Boris Johnson’s Brexit agreement is the best option for Brexit currently available and one which deserves enthusiastic backing from the electorate next month. While there are much more negotiations to be done and many months of effective EU membership ahead to endure, the end point will be precisely where we wanted to be all along – free from the EU’s laws and able to strike trade deals on our own, but integrated closely enough with EU markets to minimize disruptions and enjoy robust economic relations with our neighbours across the Channel.
Nigel Farage has warned that the Johnson withdrawal agreement will end up keeping us inside the EU indefinitely. This view is based on the idea that the transition period contemplated by the agreement will be extended until the end of 2022, during which period the UK will remain subject to EU laws but with no say in their creation. Some fear this delay could open the door to another referendum, especially if Remain parties do well in the general election. To avoid this ‘Remainer’s Brexit’ as Farage puts it, we would need to get a Free Trade Agreement (FTA) with the EU quickly, allowing us to break free from EU laws and to implement (not just negotiate and conclude) FTAs with third countries like the US sharpish. The other option presented by Johnson’s withdrawal agreement, exiting without a replacement FTA on World Trade Organization terms, while appealing to some Brexiteers, appears to be less palatable to the broader public. It has been dropped from Conservative Party policy, perhaps mistakenly, as the pressure of no deal could have helped grease the wheels in getting the best possible FTA for the UK.
Farage sees a proper exit from the EU coupled with an FTA unlikely in the near future, and in some respects, he is right to warn us of this danger. Michel Barnier has added fuel to this fire by commenting recently that there is slim chance that a comprehensive FTA, resembling the CETA with Canada, will be finalized before the end of December next year. Deep FTAs, like CETA, typically take several years to negotiate. With the EU as a partner, the process can be even longer, possibly seven years or more. This is because some elements of a comprehensive FTA, such protection for foreign investors, requires ratification by every one of the EU’s 27 Member States (so-called ‘mixity’). This process can be held up by only one intransigent country, as we saw in the case with Belgium and the CETA a few years ago.

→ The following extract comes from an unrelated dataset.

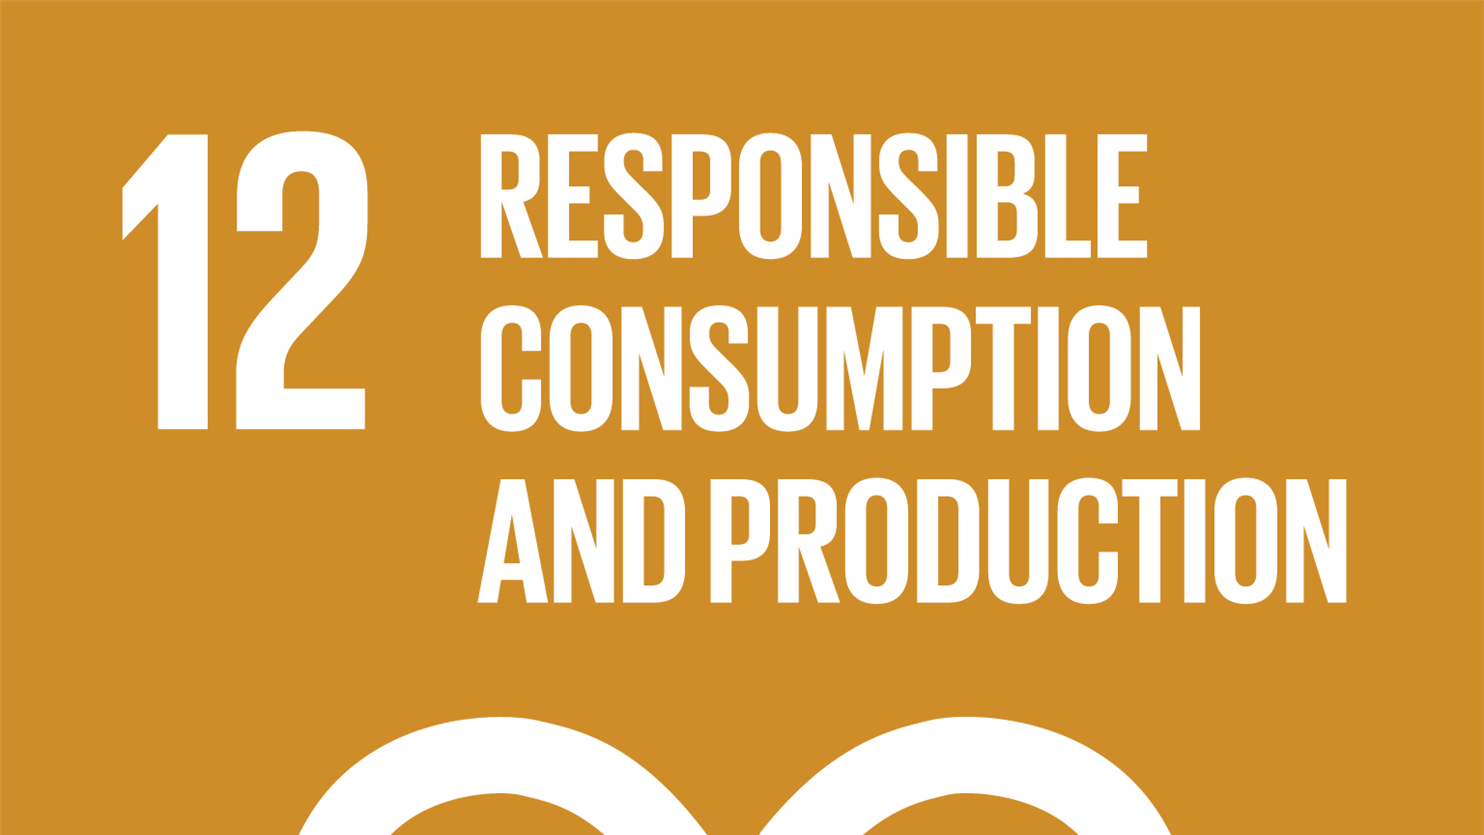 Sustainability goal 12: Responsible Consumption and Production
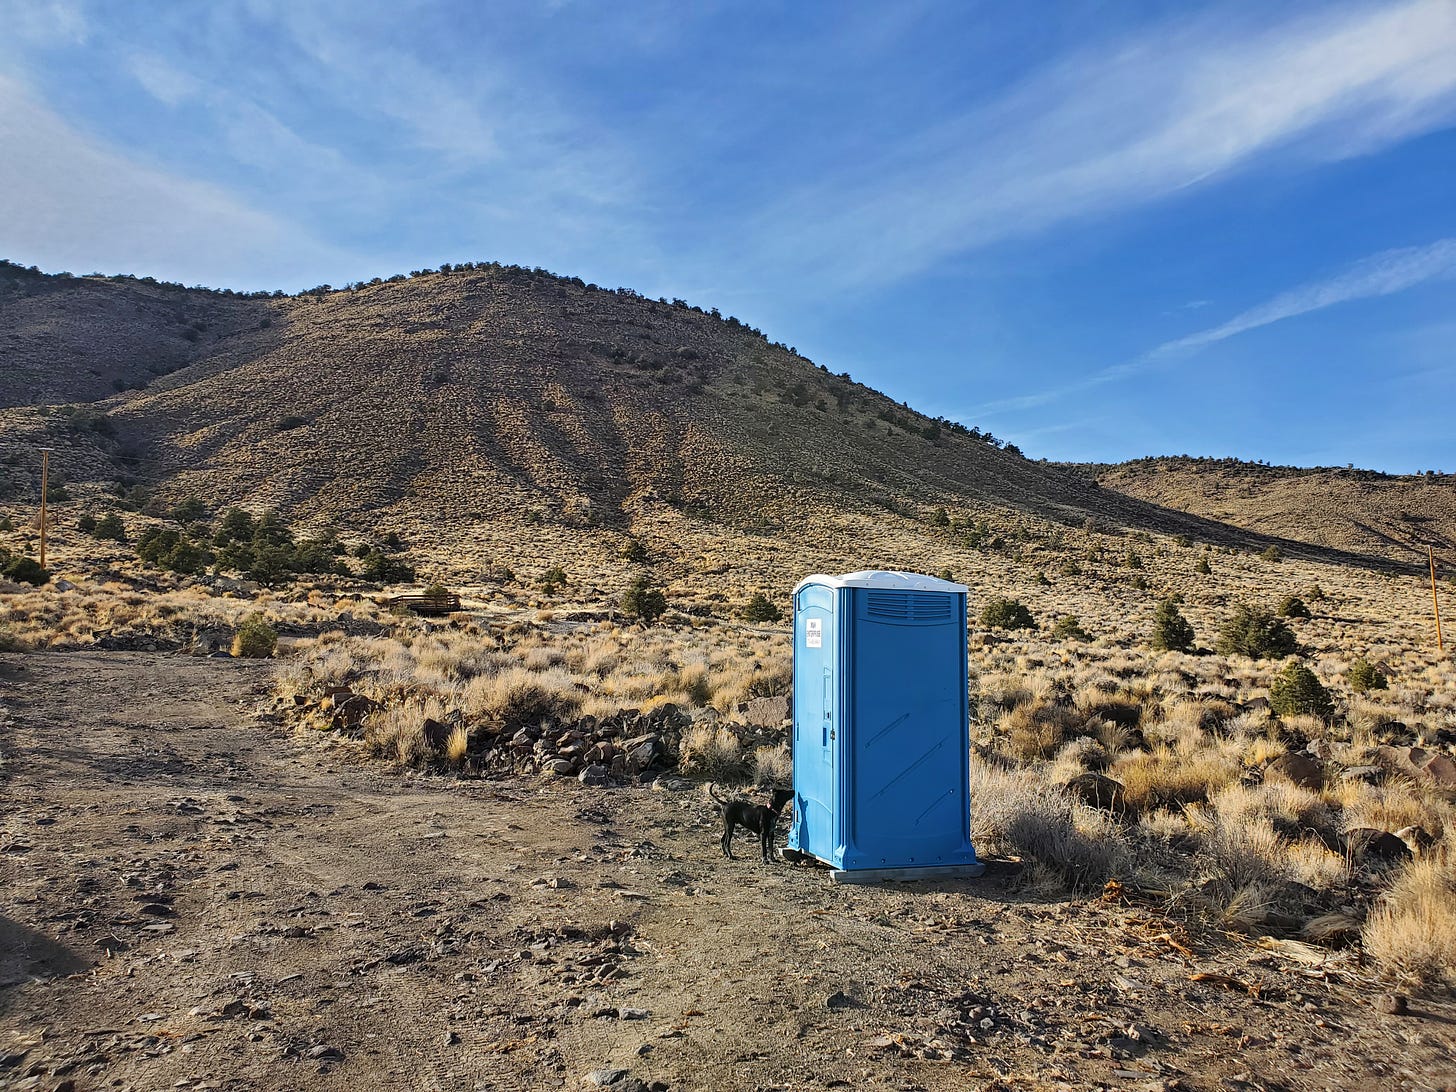 A blue porta potty on a dirt road with a black puppy right outside the door.

But this does not mean that something less ambitious, perhaps involving zero tariffs on goods and cooperation in other key areas like airplane landing and citizen’s rights, cannot be done sooner, possibly before next Christmas. The more contentious matters of the economic relationship could conceivably be left for later negotiations, as was done with the EU-Japan Economic Partner Agreement (JEPA), which went into force in February of this year. The investment chapter of that agreement has yet to be finalized. Even as it stands, the JEPA still took several years (negotiations began in 2012) but the EU and Japan began from a place of much weaker economic integration, and again, the JEPA is very comprehensive, with chapters on intellectual property, subsidies and competition. From a starting point of complete legal and regulatory parity, something simpler, again covering matters like tariffs on goods and regulatory cooperation, is feasible for a UK-EU FTA on a shorter time frame. The comprehensive CETA+ FTA that we all hope for could be put in place in the years to follow.
Of course the usual suspects (BBC, CBI, IMF) will tell us that a trading relationship with the EU based on a basic FTA will be a disaster, leading to recession, mass unemployment and so on, but there are some people for whom Brexit in any form represents an existential crisis to their worldview. They will come around eventually. The full, prosperous Brexit the British people want will take time, but the path laid out by Johnson’s withdrawal agreement is clear and achievable and deserves our support.